Reclaim policies in Kubernetes determine what should happen to the storage resources associated with a PV when the associated PVC is deleted.

Reclaim policies can help optimize storage resources by freeing up unused resources when a PVC is deleted. This can reduce costs and prevent resource waste. They can also help to ensure data security by securely deleting or sanitizing data when a PVC is deleted, ensuring that sensitive data is not left behind on the storage device. Operational efficiency is also achieved with reclaim policies because the process of deleting unused storage resources is being automated with manual intervention almost reduced in its entirety.

Reclaim policies must be well designed and tested because if they are not correctly designed and implemented, data loss can occur, which can be catastrophic for an organization. In summary, reclaim policies are generally a good practice for optimizing resource utilization, improving data security, and automating operations.

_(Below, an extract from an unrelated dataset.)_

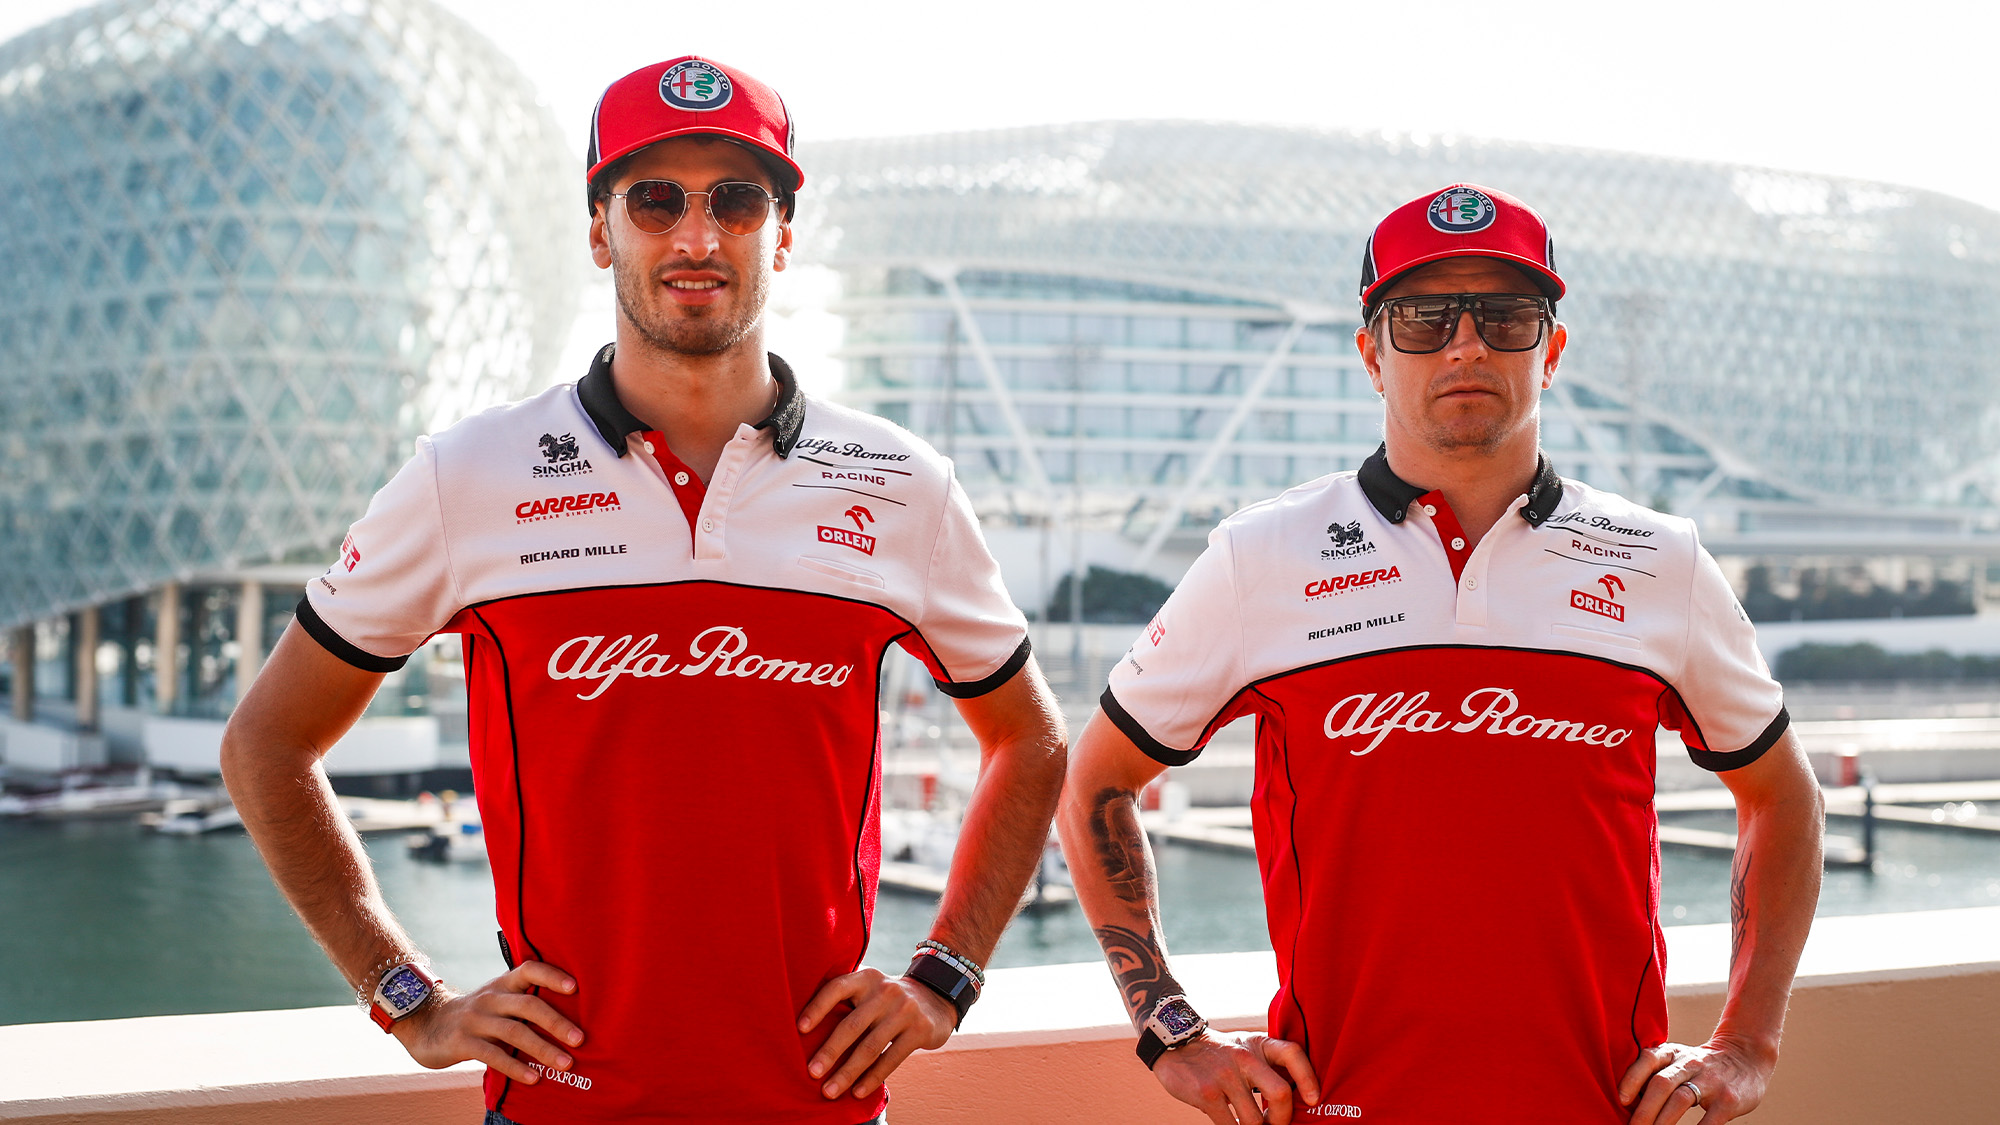 Antonio Giovinazzi and Kimi Raikkonen ahead of the 2021 F1 season

Overall, understanding Kubernetes storage classes is essential for any Kubernetes user or administrator looking to deploy and manage applications on a Kubernetes cluster. By leveraging storage classes and different storage provisioners, users can simplify managing storage resources in Kubernetes, allowing them to focus on building and scaling their applications.

Administrators can optimize for storage cost across applications deployed in a Kubernetes cluster. Monitoring storage usage with managed monitoring software like Kubecost Cloud can help visualize costs and resource allocations in a cluster and alert if predefined thresholds are breached. With the proper configuration and management, Kubernetes storage classes can provide a scalable, efficient, and cost-effective way to manage storage resources for applications in Kubernetes clusters.